## ASSIGNMENT:
Repeat exactly the lines below, from the line containing "Begonia de ala de ángel (begonia de azúcar)" through the last line, both included. Leave out any pictures.

## DATA BELOW:

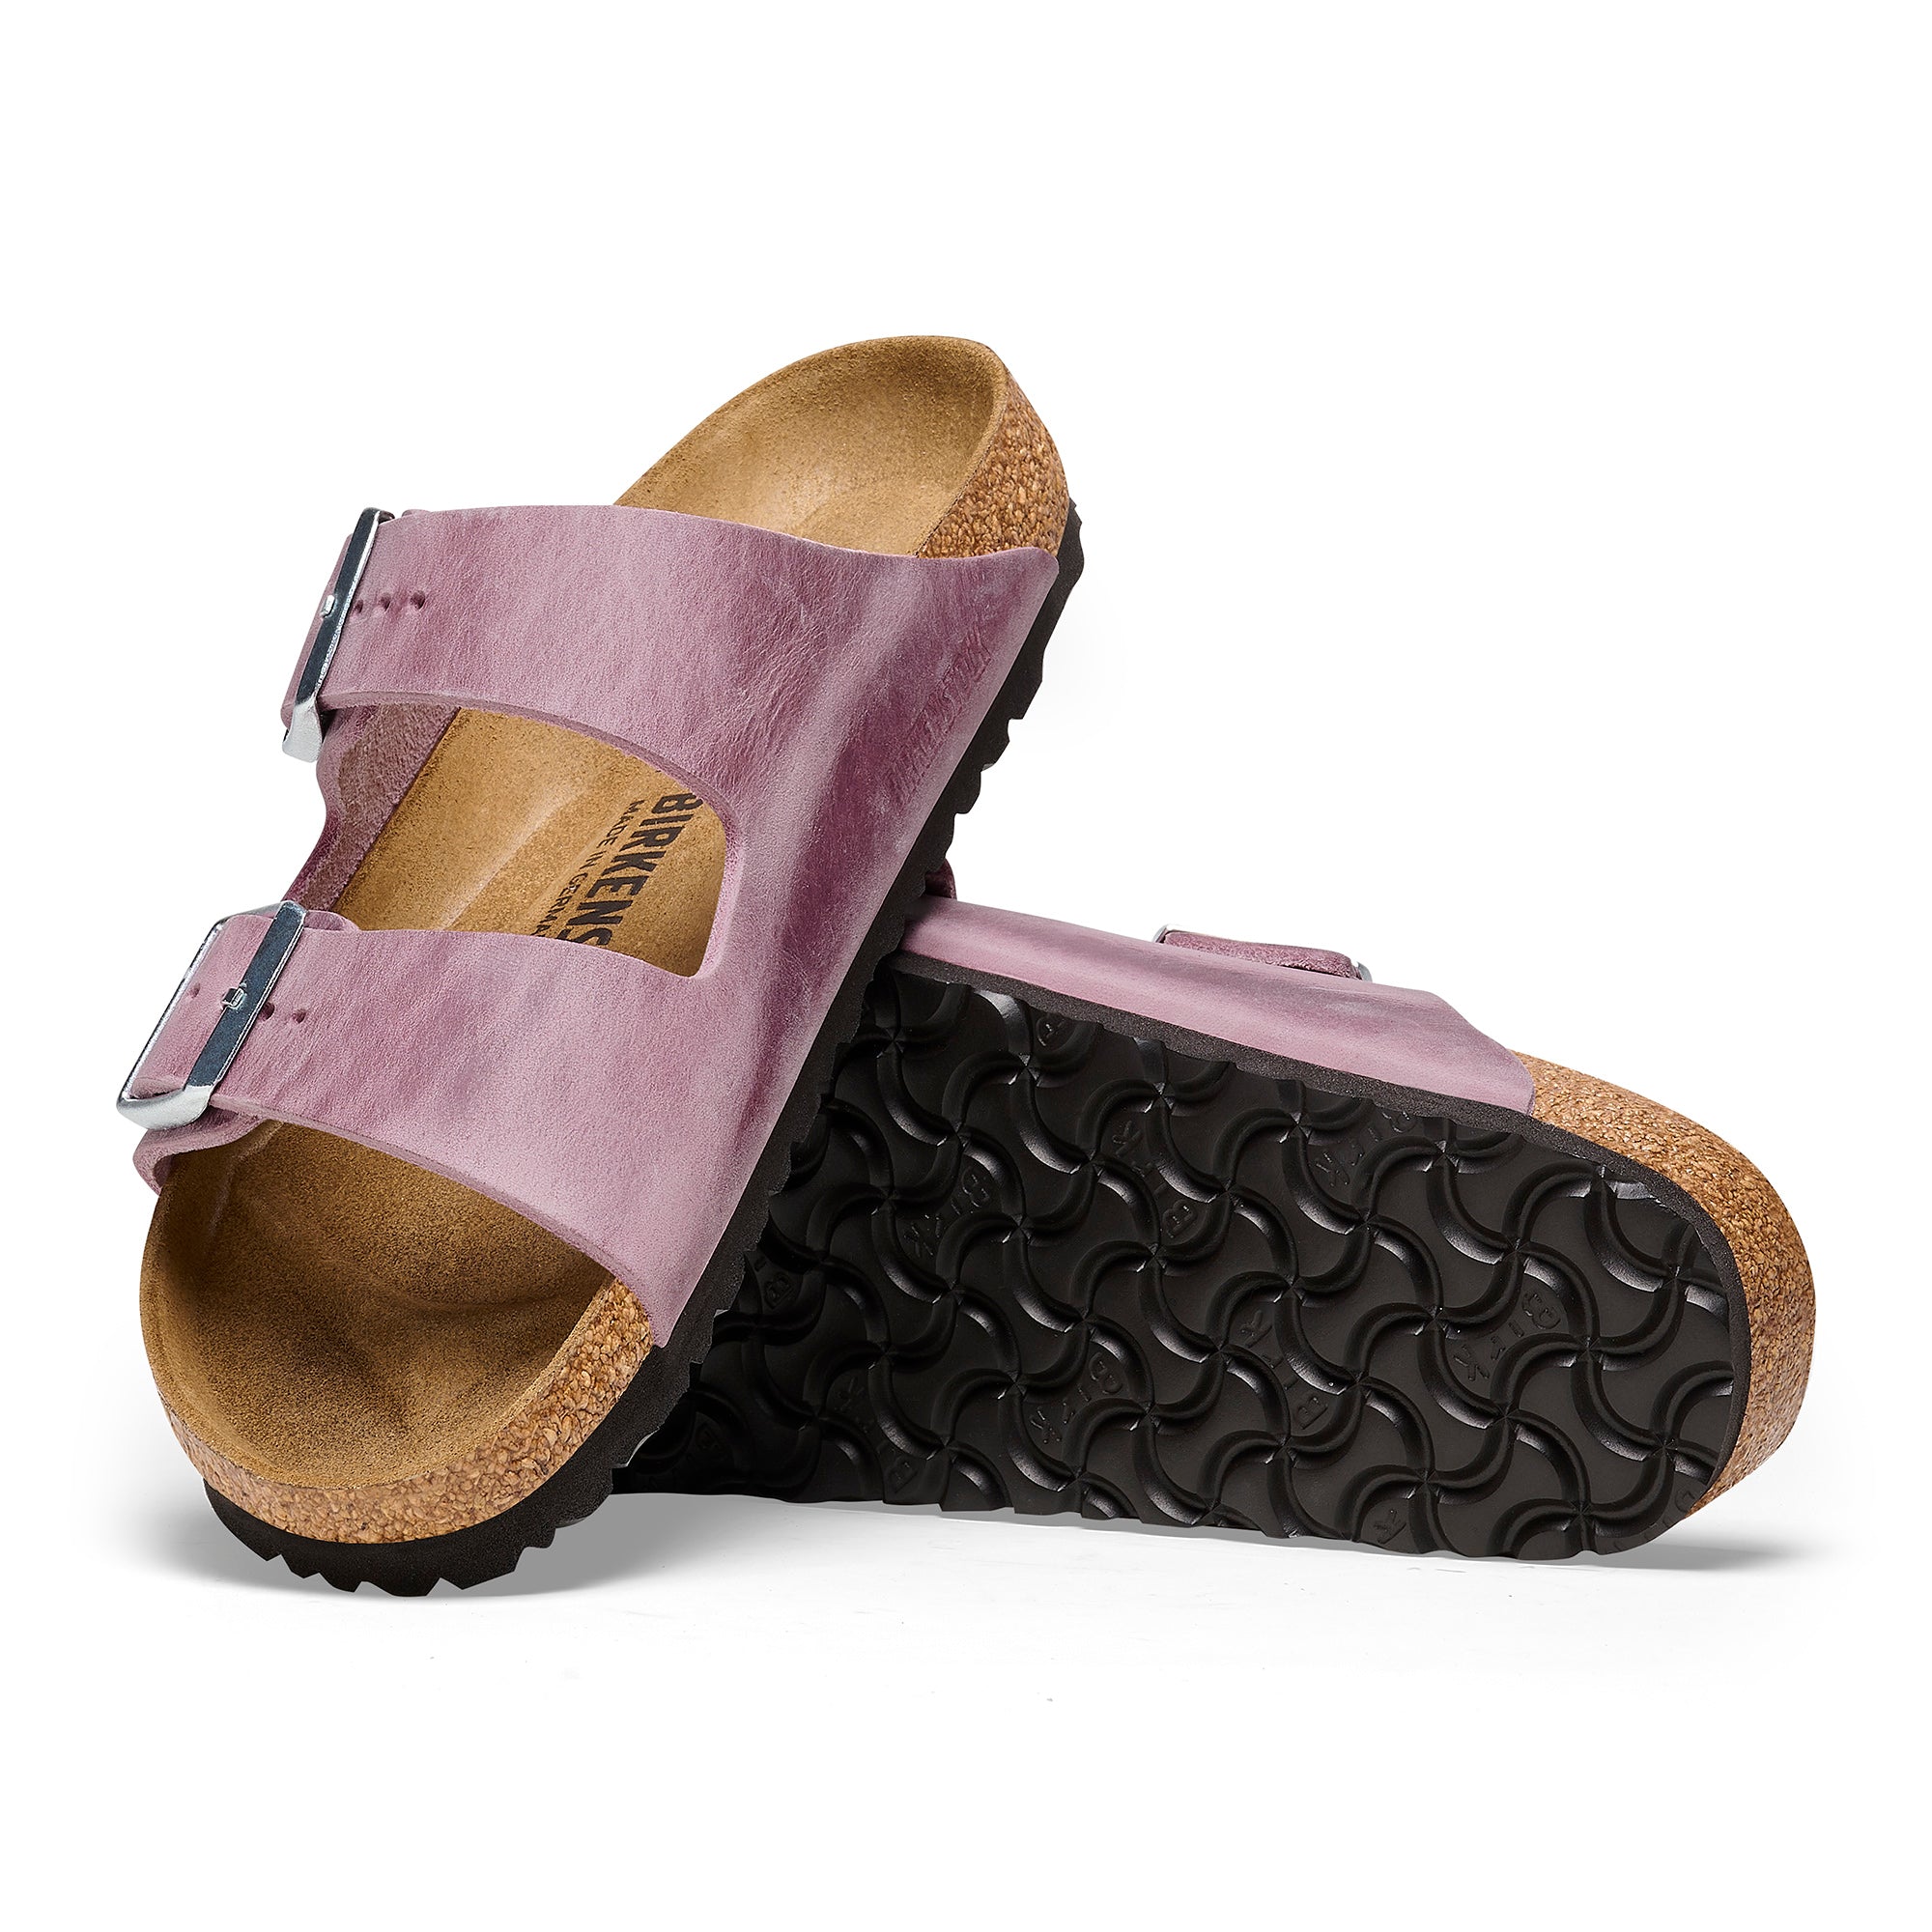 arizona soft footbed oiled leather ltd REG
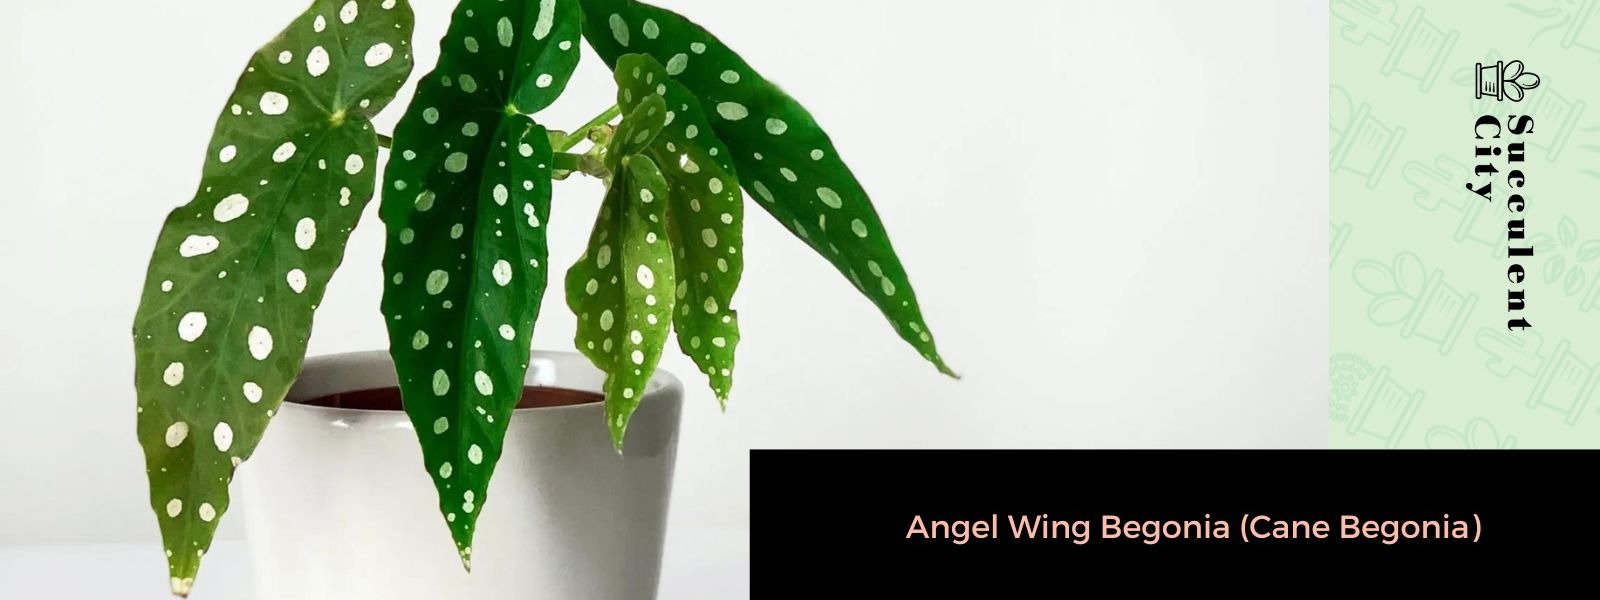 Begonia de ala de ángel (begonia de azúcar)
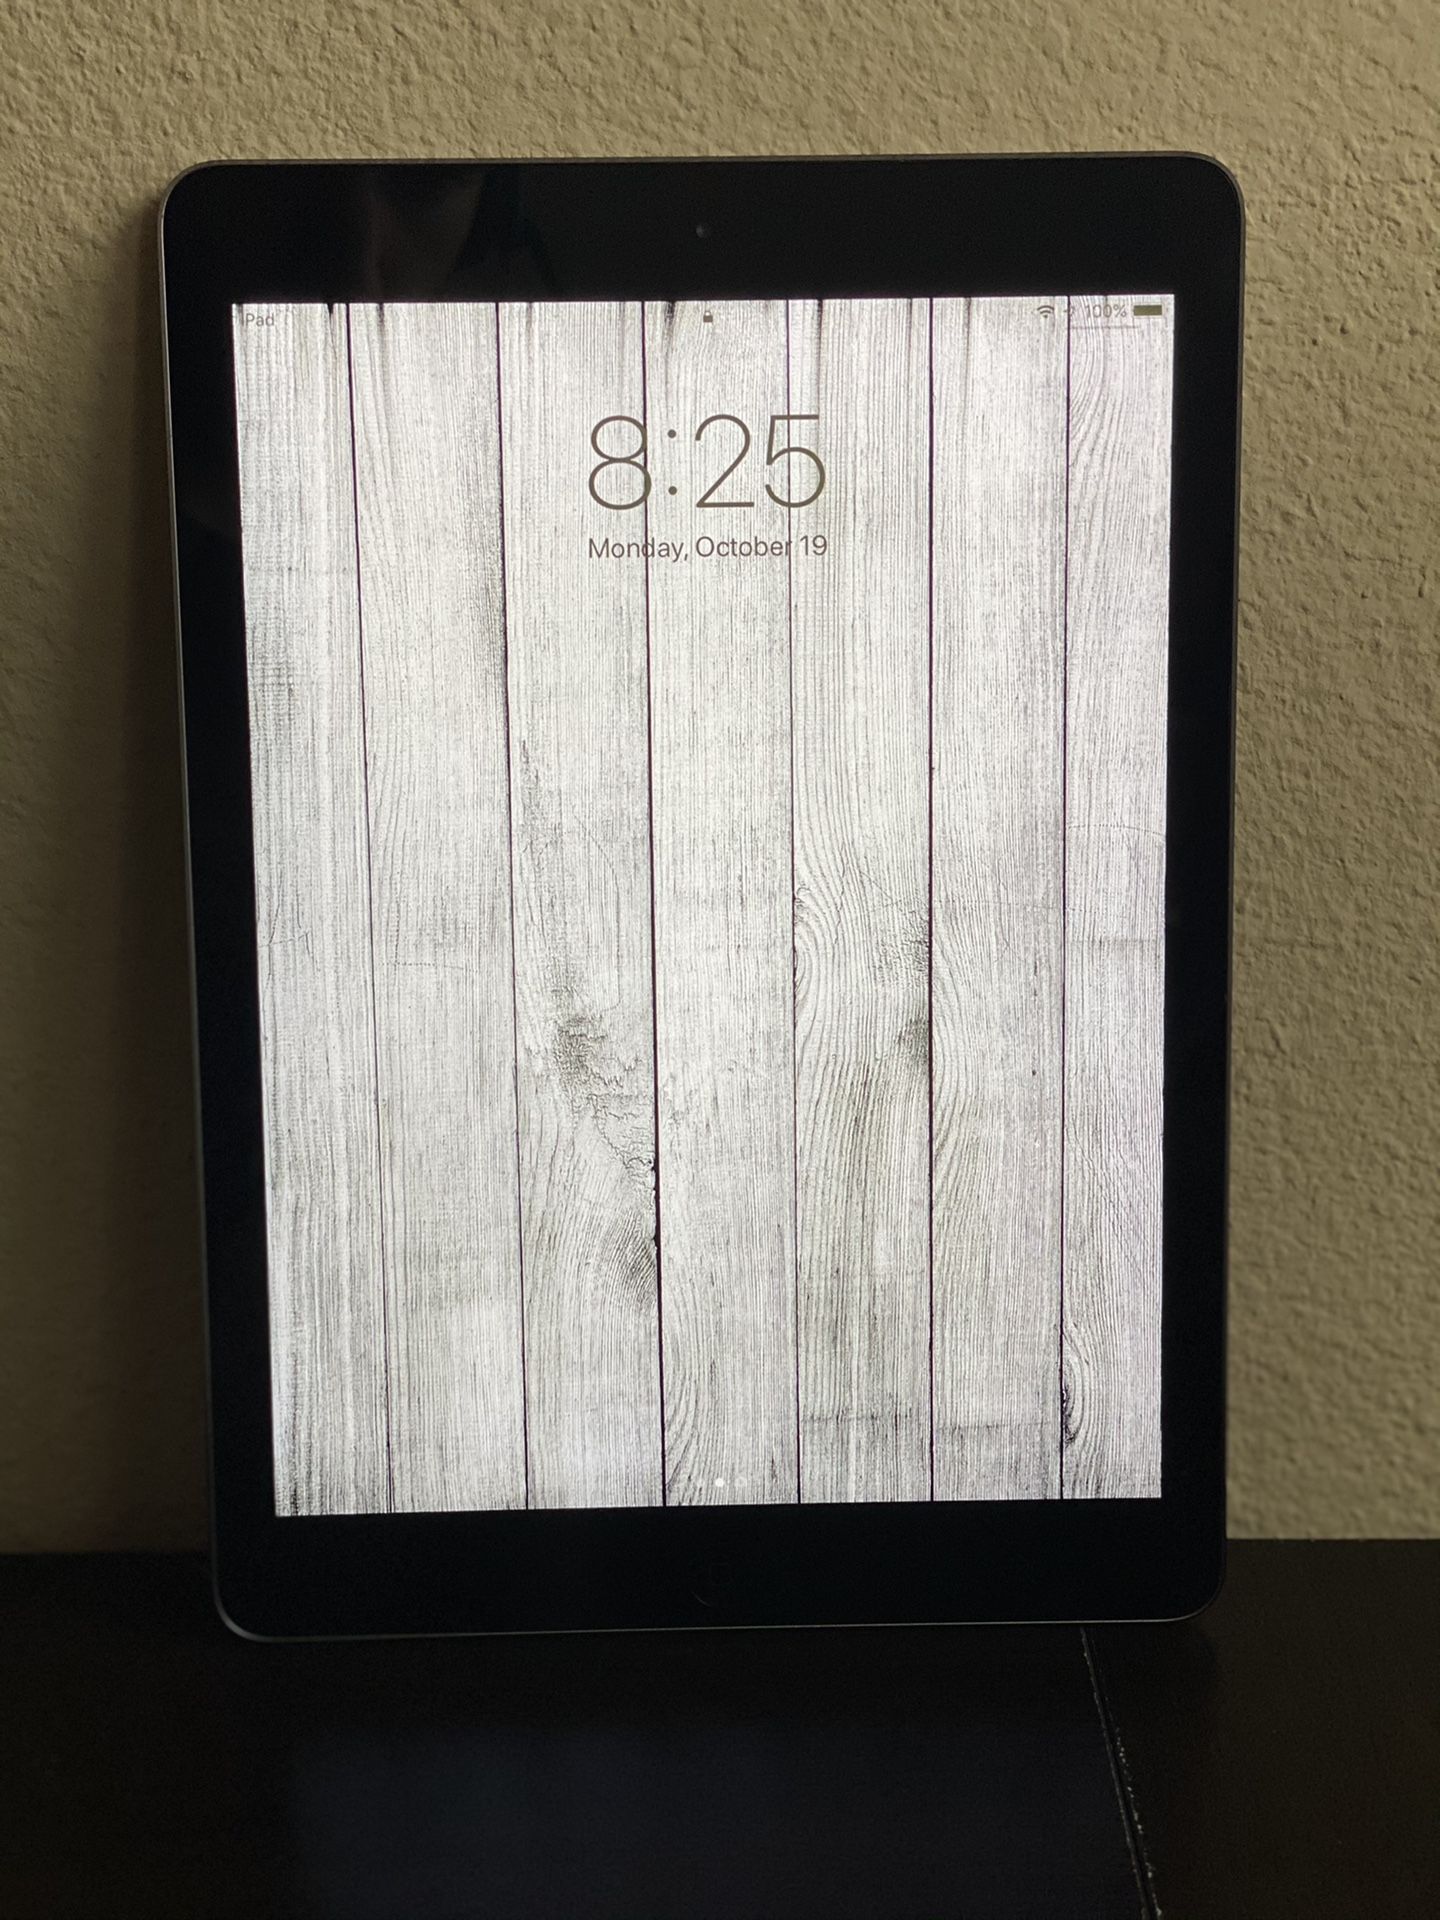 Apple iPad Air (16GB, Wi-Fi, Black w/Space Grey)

## THE ANSWER:
 Begonia de ala de ángel (begonia de azúcar)
 Apple iPad Air (16GB, Wi-Fi, Black w/Space Grey)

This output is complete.